▶ DATA
▶
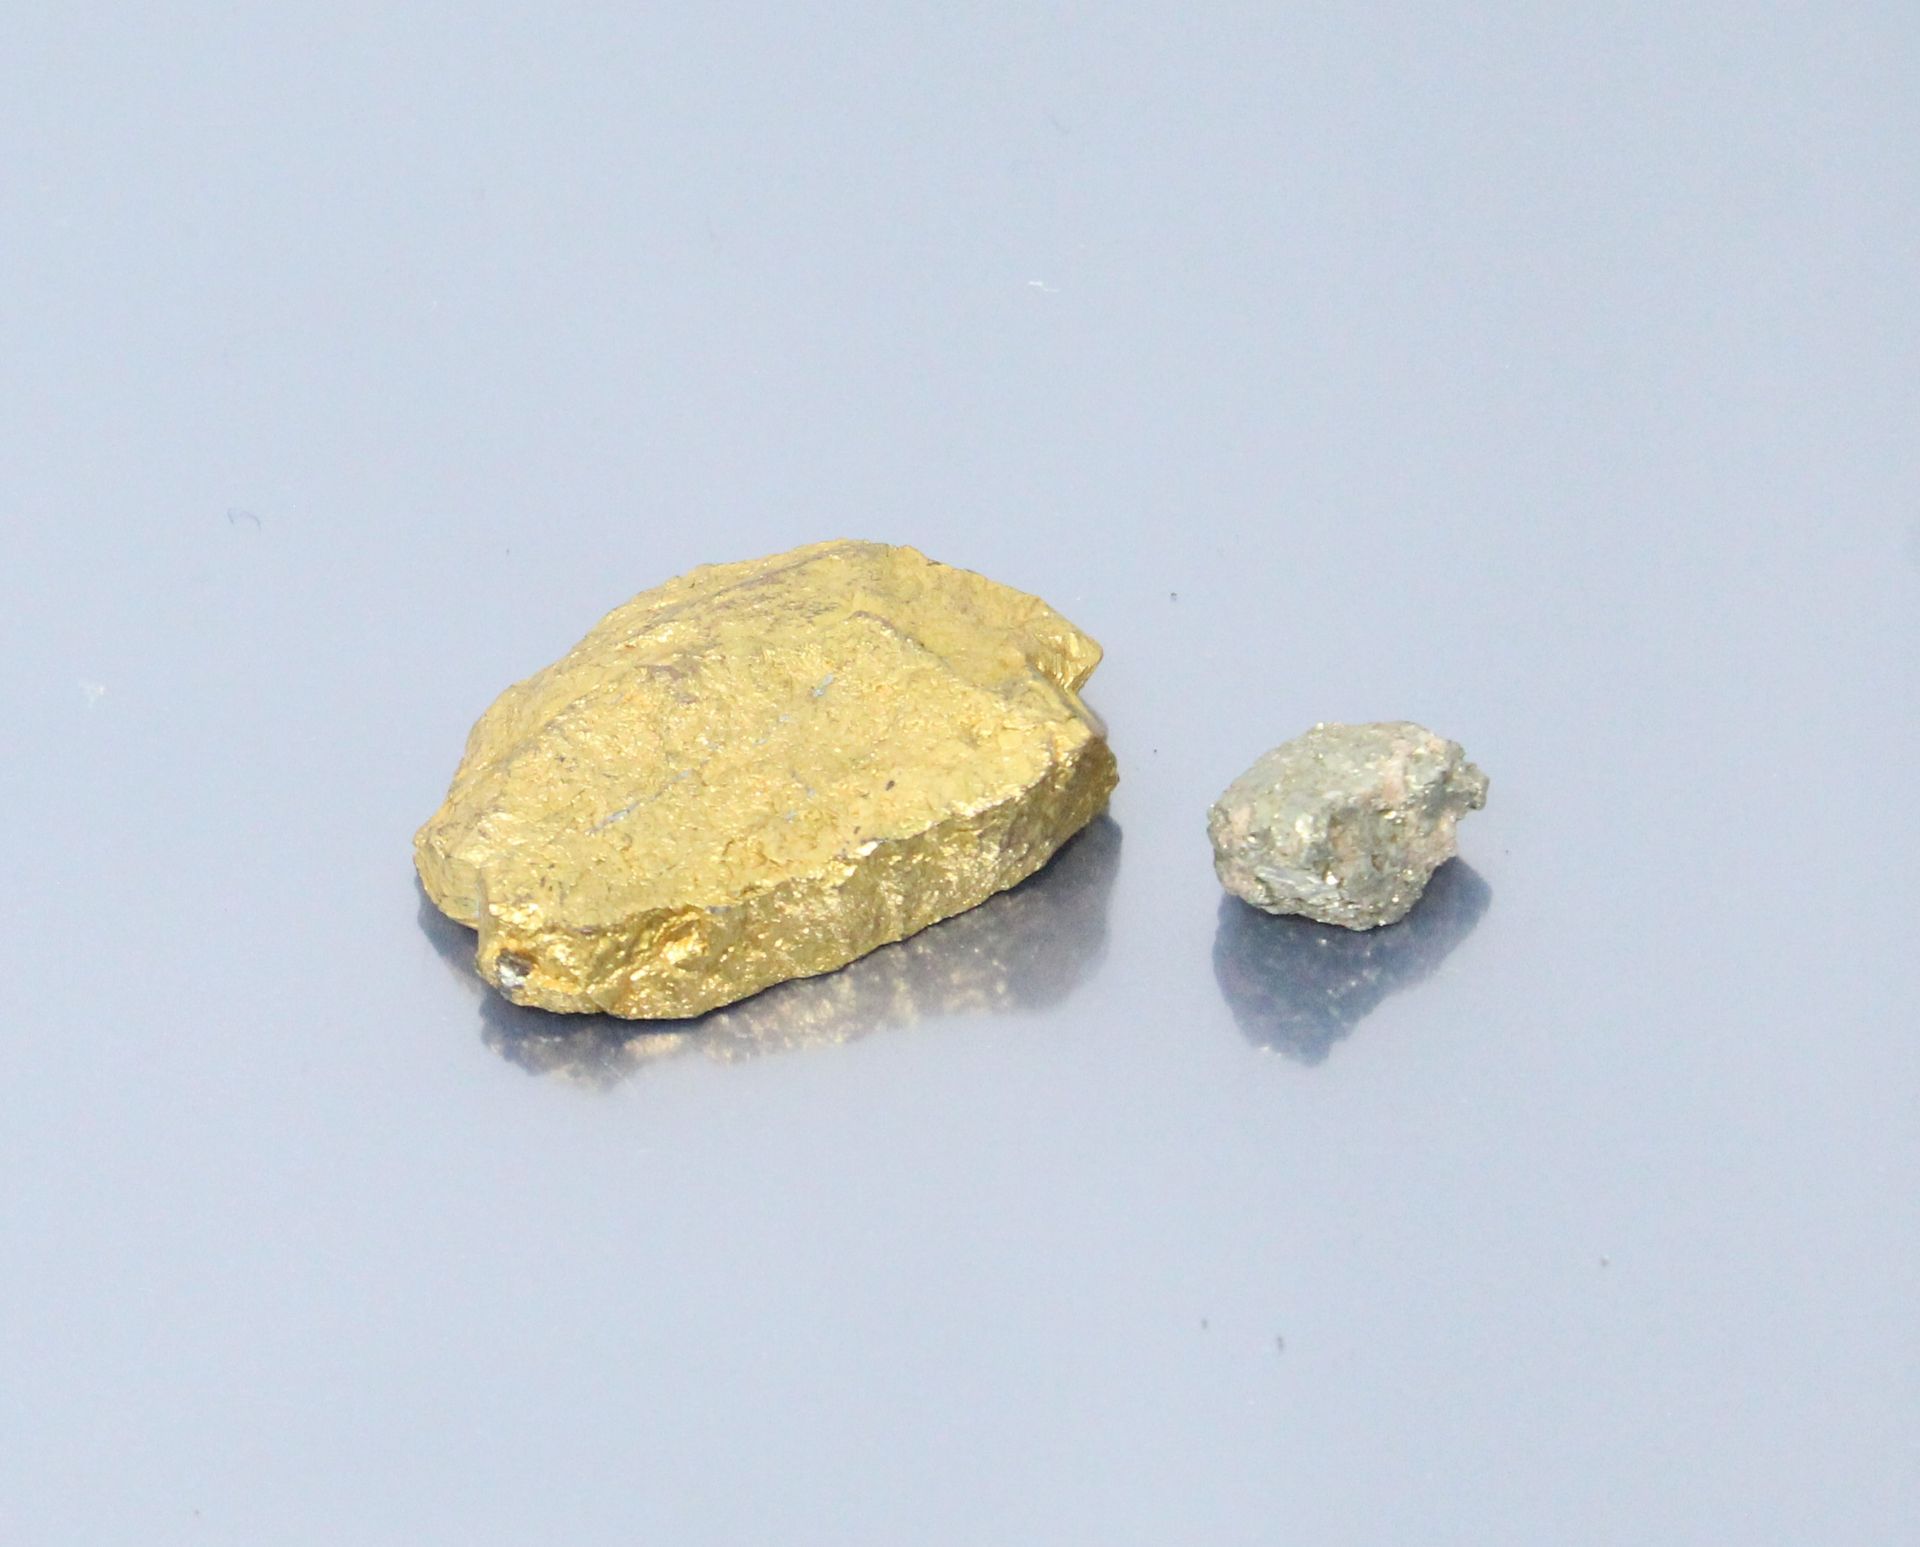 Null 纸上粗糙的黄铁矿一个。

重量：57.8克。
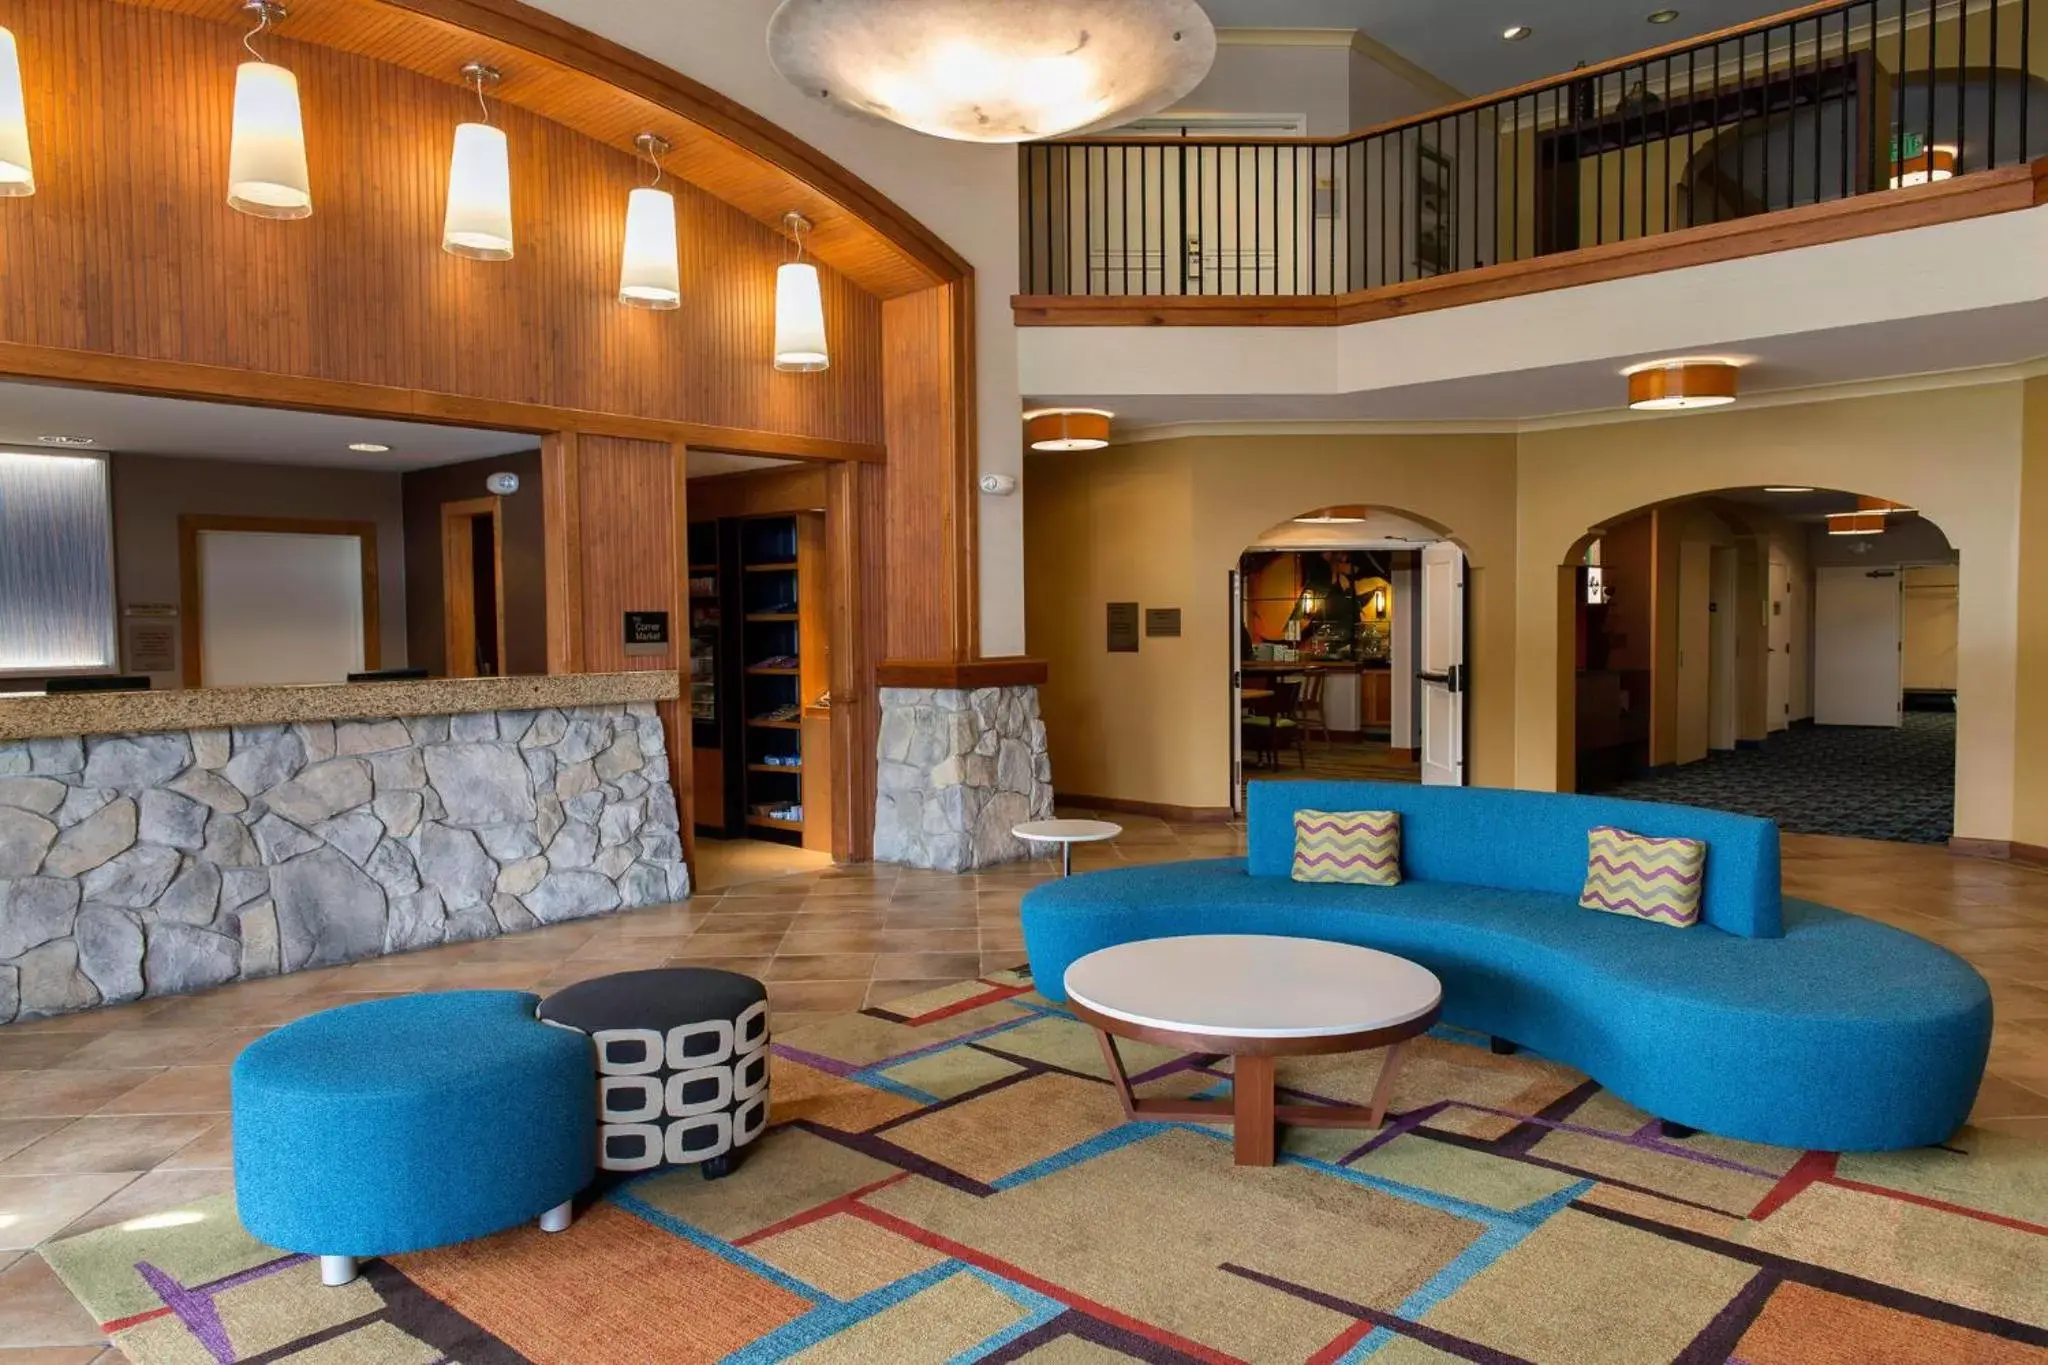 Lobby or reception, Lobby/Reception in Fairfield Inn and Suites Santa Rosa Sebastopol
◀
▶ ACTIVITY
Copy out all of the data word for word. Do not carry over any picture.

▶ PROBLEM SOLUTION
 Null 纸上粗糙的黄铁矿一个。

重量：57.8克。
 Lobby or reception, Lobby/Reception in Fairfield Inn and Suites Santa Rosa Sebastopol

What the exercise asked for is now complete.